The method used in this study for partitioning the industrial time-series dataset is based on the chronological order of data collection. The time-series data is divided into three segments: the initial 40% is designated as the pre-training set, the next 40% is utilized for incremental learning (incremental set), and the final 20% is used as the test set for final evaluation. This approach ensures that the temporal sequence of the data is preserved, aligning with the requirements of industrial processes.
The experiment was conducted on a computer equipped with an Intel Core i9-12900H processor, 16 GB of memory, and an NVIDIA GeForce RTX 3060 Laptop GPU. The incremental MVMS-MLP model uses a three-layer architecture: the input layer consists of 6 neurons, the hidden layer has 12 neurons, and the output layer contains 1 neuron. The learning rate is set to 0.001, and the Adam optimizer is employed for training.
The benchmark validation results of the incremental MVMS-MLP model are presented in Table 2.
Through the use of the pre-trained MVMS-MLP model on the first 4000 min of data, the MSE for predicting H2S in the testing set was slightly above 0.0008, as reported in the original paper [39], and was compared with that for the MVMS-LSTM and MVMS-GRU models. However, after initiating incremental learning on the pre-trained model, the MAE and MSE for H2S in the testing set decreased significantly. For instance, when the real-time incremental sample size is 500 min, resulting in six incremental learning sessions and a total incremental sample size of 3000 min, and the learning rate is set to 0.0015, the MSE for H2S in the test set drops to 0.000469, nearly 50% lower than in the original model. Furthermore, when the real-time incremental sample size is 1500 min, with two sessions of incremental learning, and the learning rate is set to 0.005, the MAE for H2S in the test set decreases to 0.11, and MSE decreases to 0.000257, almost 70% lower than in the original model, demonstrating a significant improvement. These results indicate that the incremental neural network model proposed in this paper performs exceptionally well in predicting industrial time-series datasets.
Figure 4, Figure 5 and Figure 6 illustrate the comparison between the predicted H2S values and the actual values over the subsequent 2000 min of the LSTM, CatBoost, and the proposed incremental MVMS-MLP methods. It can be seen that the proposed method has better predictive ability than the LSTM and CatBoost methods. However, when using LSTM and CatBoost methods as the basic model of incremental learning, it can also achieve better performance than single-step learning.

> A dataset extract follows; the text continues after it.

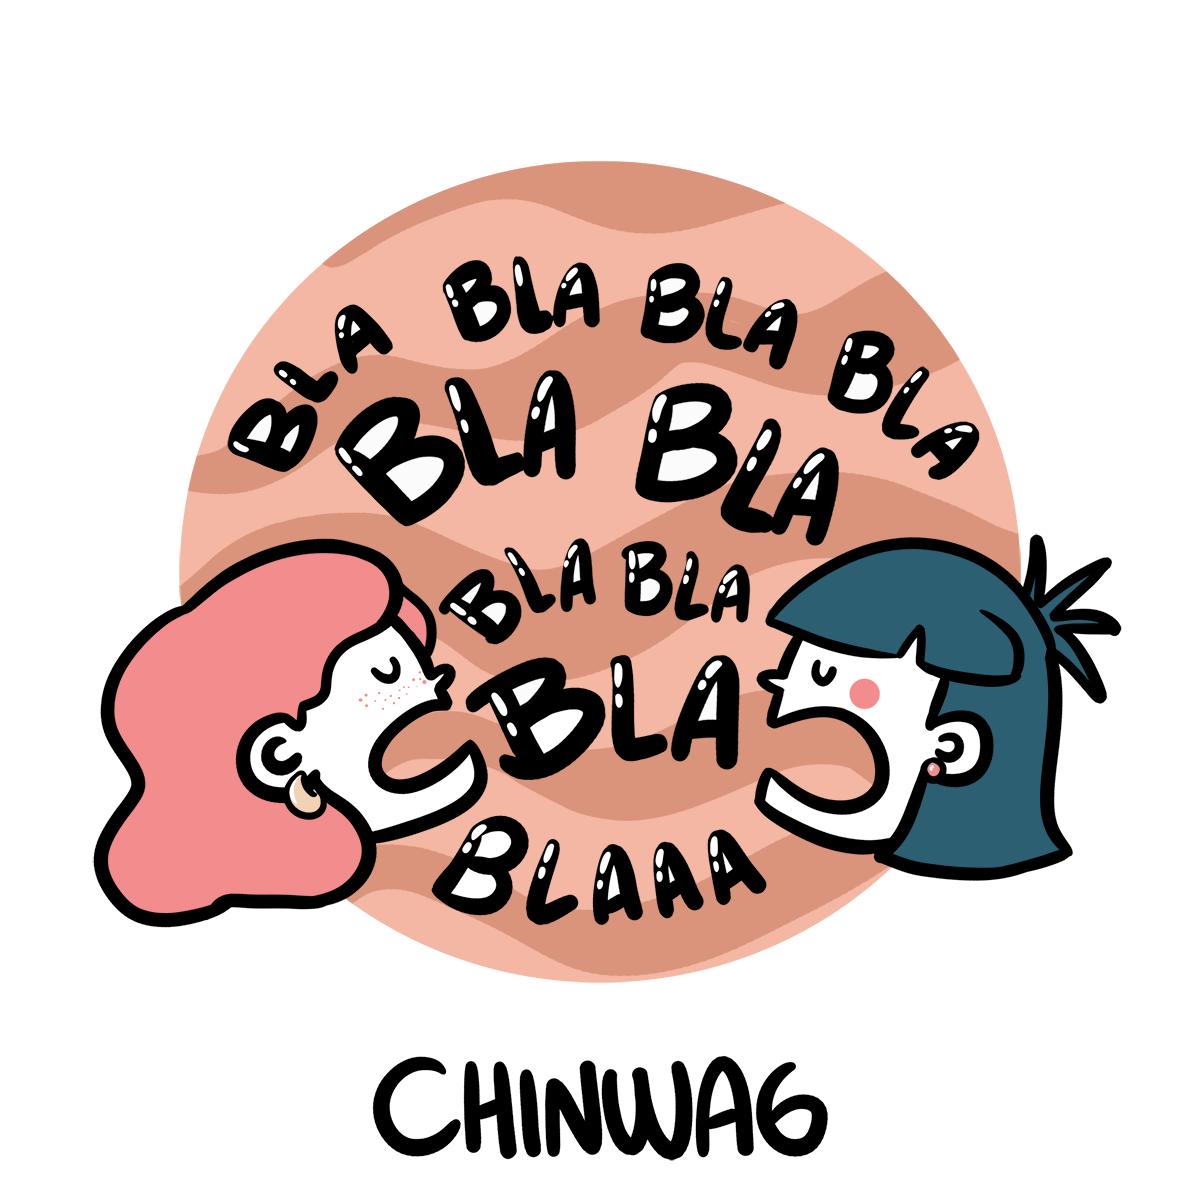 slang inglese chinwag

4.2. MAPD Soft Sensor Development

4.2.1. MAPD Hydrogenation Reactor Process

In industrial chemical production, propylene is a crucial raw material, extensively used in the manufacture of organic chemical products such as polypropylene, acetone, and isopropanol. The primary component of the C3 fraction produced by the cracking furnace is propylene; however, it also contains impurities such as methylacetylene (MA) and propadiene (PD) [41,42]. These impurities significantly impact the subsequent processes and the quality of the final products, making their real-time prediction and removal essential.
Liquid-phase catalytic hydrogenation technology has become the preferred process for removing impurities in MAPD hydrogenation due to its simplicity, straightforward process flow, mild reaction conditions, and excellent stability. The process flow of the MAPD hydrogenation unit is as follows: C3 fractions are heated by the feed preheater and mixed with circulating hydrogen before entering the hydrogenation reactor for catalytic hydrogenation. After reaction, the mixture is cooled with a circulating cooler and sent to a gas–liquid separation tank. Following the separation of the liquid phase, propylene is forwarded to the subsequent distillation unit, whereas hydrogen-rich tail gas is recycled.
To prevent the reactor from losing temperature control due to excessive heat release during the hydrogenation reaction, a portion of the circulating stream is extracted from the circulation pump outlet, pre-cooled, and diluted with fresh feed through a preheater. Hydrogen and circulating stream are mixed with the feedstock in a flow-proportional control manner, ensuring that the concentration of MAPD at the reactor outlet does not exceed 500 ppm.
The sampling intervals for the process are set at 5 min, with the average value calculated every five minutes. The MAPD hydrogenation reactor is depicted in Figure 7 with detailed descriptions, unit specifications, and other relevant information provided in Table 3.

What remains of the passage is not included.